Is this a copy of the earliest book of the Nazarenes ? The Gospel of Thomas... The Twin, written in Aramaic, ancient Hebrew script?
אלה הם אמירות הסודיות שחי ישו דבר ושהתאומים יהודה תומאס רשם
Translated: These are the secret sayings which the living Jesus spoke and which Didymus Jude Thomas wrote down.
Is this from a copy maintained by the Vatican ? On Wednesday, 27 September 2006 Pope BENEDICT XVI said the following regarding "Thomas the twin..... the proverbial scene of the doubting Thomas that occurred eight days after Easter is very well known. At first he did not believe that Jesus had appeared in his absence and said: "Unless I see in his hands the print of the nails, and place my finger in the mark of the nails, and place my hand in his side, I will not believe" (Jn 20: 25).
As we know, Jesus reappeared among his disciples eight days later and this time Thomas was present. Jesus summons him: "Put your finger here, and see my hands; and put out your hand, and place it in my side; do not be faithless, but believing" (Jn 20: 27).
Thomas reacts with the most splendid profession of faith in the whole of the New Testament: "My Lord and my God!" (Jn 20: 28). St Augustine comments on this: Thomas "saw and touched the man, and acknowledged the God whom he neither saw nor touched; but by the means of what he saw and touched, he now put far away from him every doubt, and believed the other" (In ev. Jo. 121, 5)..... A final point concerning Thomas is preserved for us in the Fourth Gospel, which presents him as a witness of the Risen One in the subsequent event of the miraculous catch in the Sea of Tiberias (cf. Jn 21: 2ff.) On that occasion, Thomas is even mentioned immediately after Simon Peter: an evident sign of the considerable importance that he enjoyed in the context of the early Christian communities.
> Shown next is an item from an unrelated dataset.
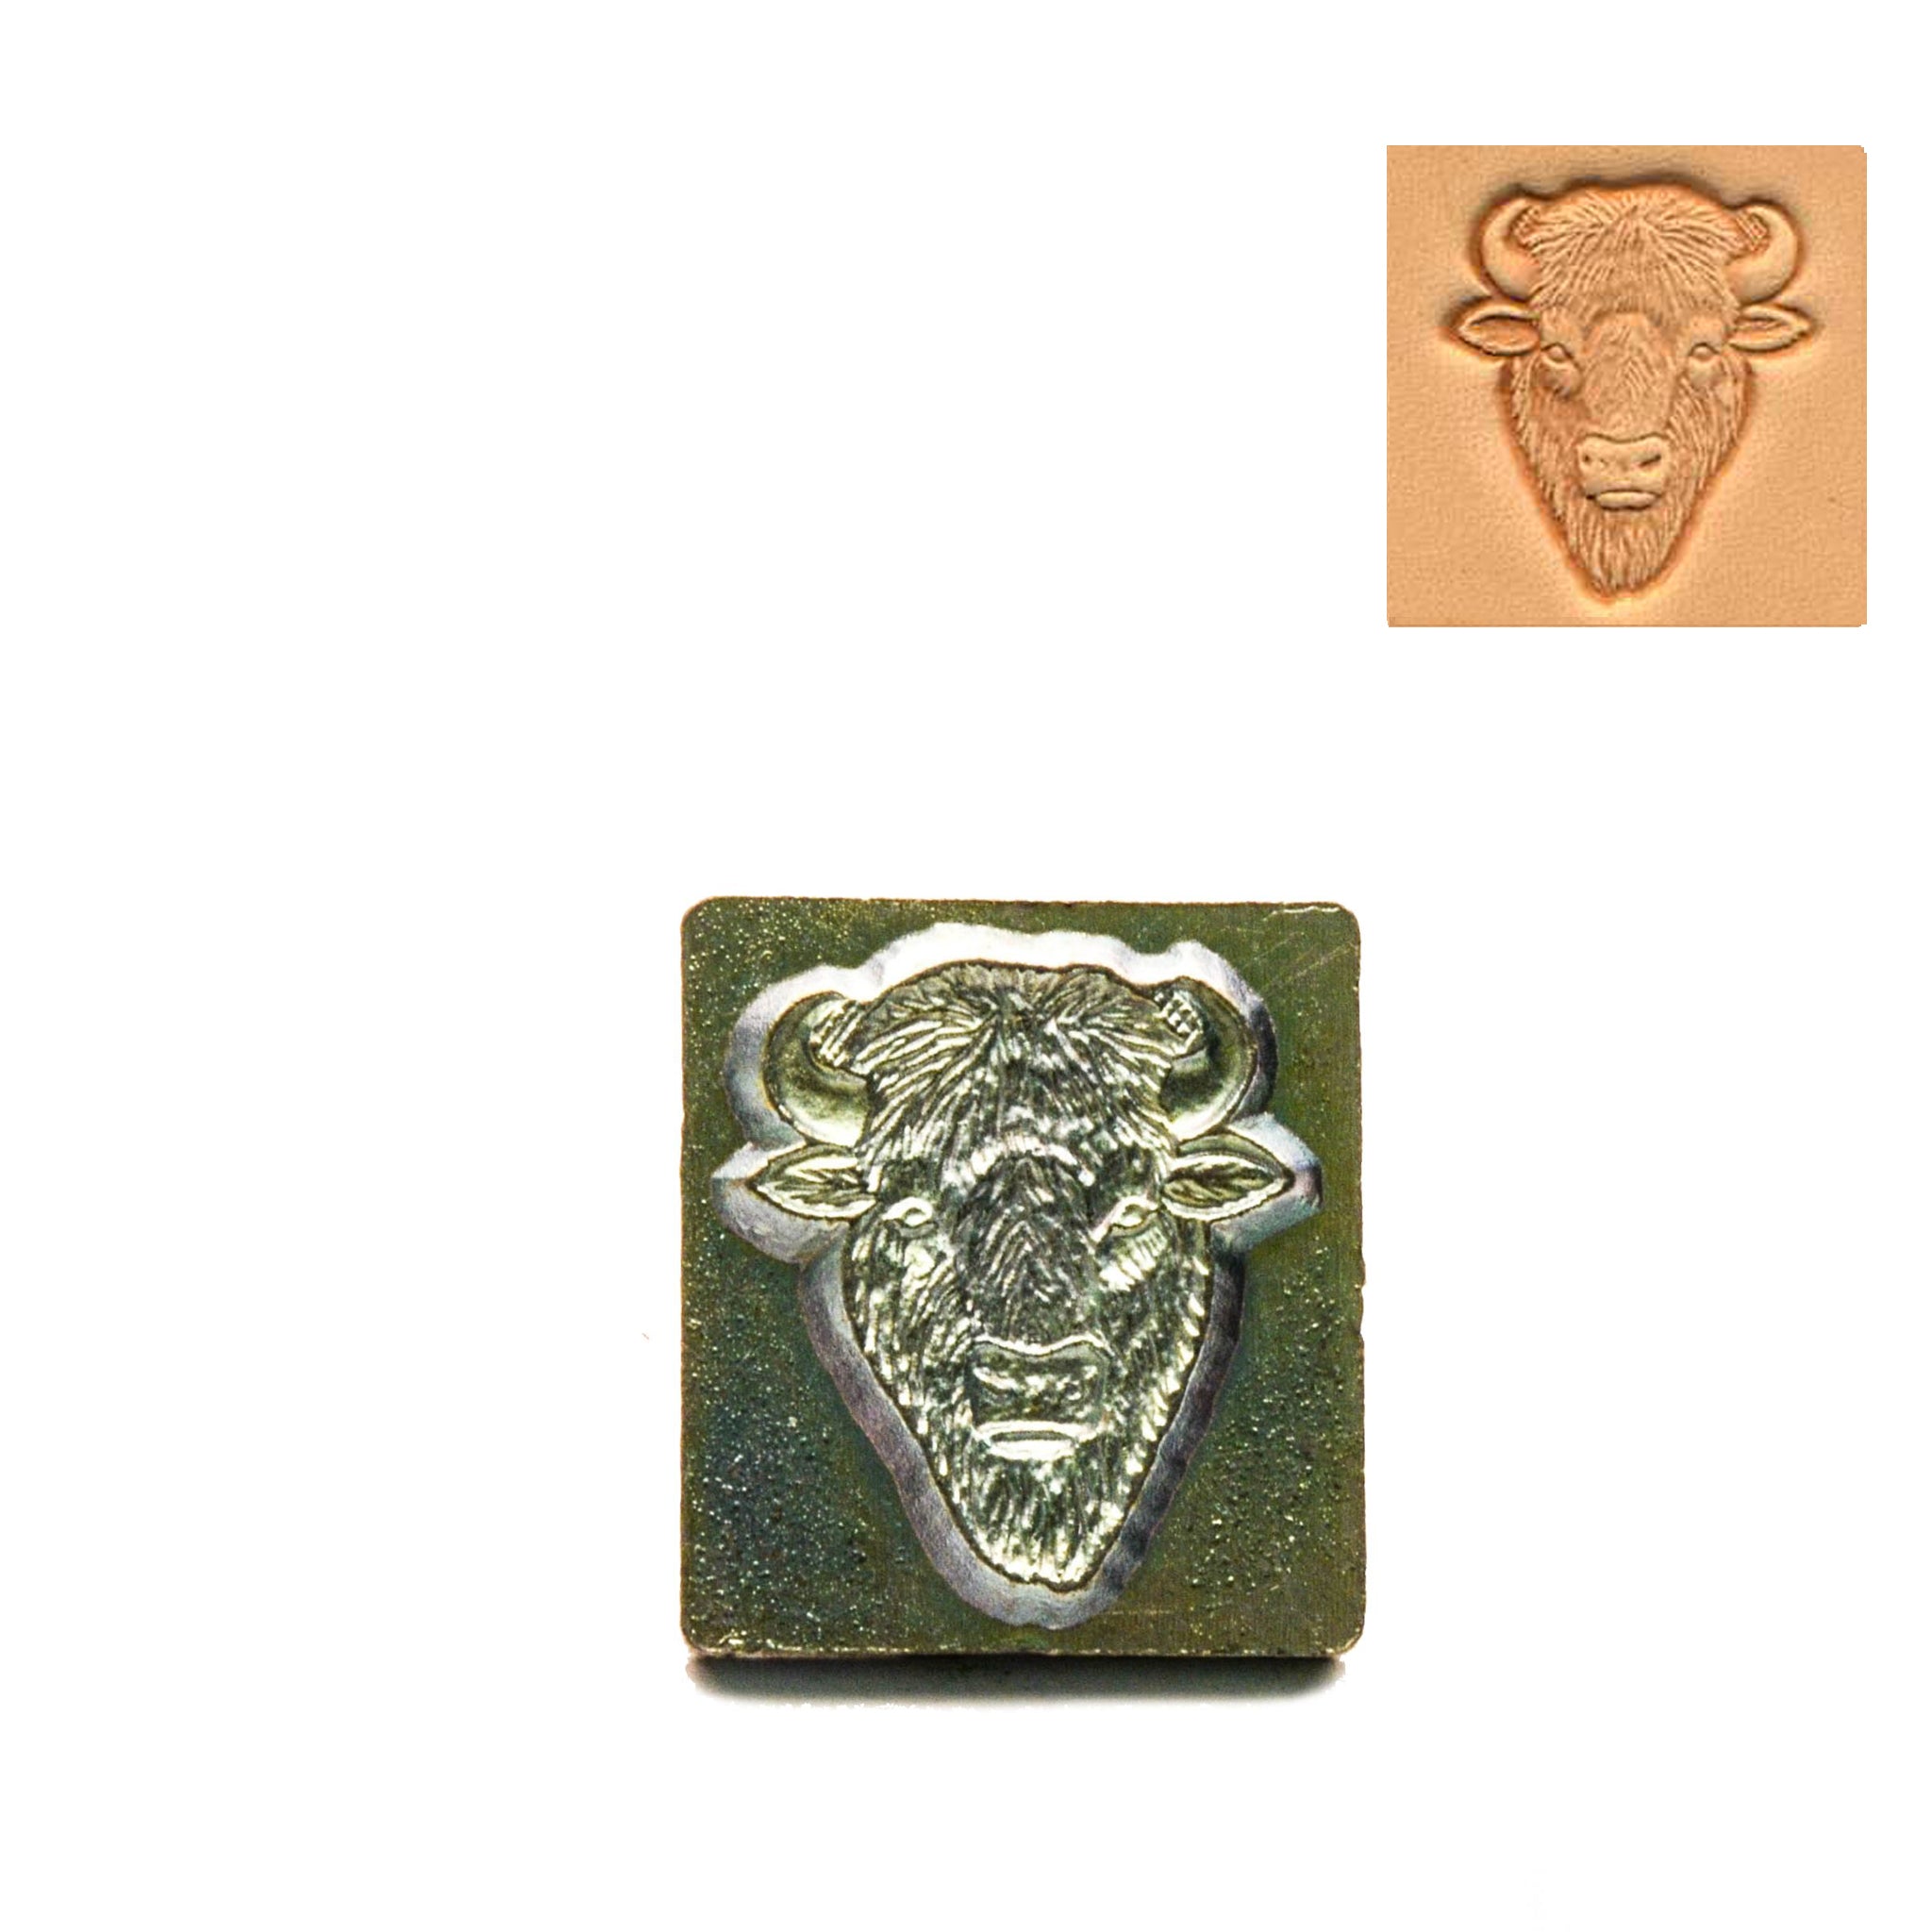 Buffalo/Bison Head 3D Embossing Stamp from Identity Leathercraft

Indeed, the Acts of Thomas and the Gospel of Thomas, both apocryphal works but in any case important for the study of Christian origins, were written in his name.
Lastly, let us remember that an ancient tradition claims that Thomas first evangelized Syria and Persia (mentioned by Origen, according to Eusebius of Caesarea, Ecclesiastical History 3, 1) then went on to Western India (cf. Acts of Thomas 1-2 and 17ff.), from where also he finally reached Southern India. - BENEDICT XVI, GENERAL AUDIENCE, Saint Peter's Square
Wednesday, 27 September 2006
Oxyrhynchus papyrus fragments:
After the Coptic version of the complete text was discovered in 1945 at Nag Hammadi, scholars soon realized that three different Greek text fragments previously found at Oxyrhynchus, also in Egypt, were part of the Gospel of Thomas. These three papyrus fragments of Thomas date to between 130 and 250. Prior to the Nag Hammadi library discovery, the sayings of Jesus found in Oxyrhynchus were known simply as Logia Iesu. The corresponding Koine Greek fragments of the Gospel of Thomas, found in Oxyrhynchus are:
P. Oxy. 1 : fragments of logia 26 through 33, with the last two sentences of logion 77 in the Coptic version included at the end of logion 30 herein.
P. Oxy. 654 : fragments of the beginning through logion 7, logion 24 and logion 36 on the flip side of a papyrus containing surveying data.
P. Oxy. 655 : fragments of logia 36 through 39. 8 fragments designated a through h, whereof f and h have since been lost.
The wording of the Coptic sometimes differs markedly from the earlier Greek Oxyrhynchus texts, the extreme case being that the last portion of logion 30 in the Greek is found at the end of logion 77 in the Coptic. This fact, along with the quite different wording Hippolytus uses when apparently quoting it (see below), suggests that the Gospel of Thomas "may have circulated in more than one form and passed through several stages of redaction."
Although it is still generally assumed that the "Gospel of Thomas" was first composed in Greek, there is growing evidence that the Coptic Nag Hammadi text is a translation from Syriac (Aramaic). On comparing the Greek fragments from Oxyrhynchus with the fuller Coptic version, Nicholas Perrin argues that the differences can be attributed to the reliance of both on a common Syriac (Aramaic) source.
Richard Valantasis writes: "Assigning a date to the Gospel of Thomas is very complex because it is difficult to know precisely to what a date is being assigned. Scholars have proposed a date as early as AD 40 or as late as AD 140, depending upon whether the Gospel of Thomas is identified with the original core of sayings, or with the author's published text, or with the Greek or Coptic texts, or with parallels in other literature."
Valantasis and other scholars argue that it is difficult to date Thomas because, as a collection of logia without a narrative framework, individual sayings could have been added to it gradually over time.(However, Valantasis does date Thomas to 100–110 AD, with some of the material certainly coming from the first stratum which is dated to 30–60 AD.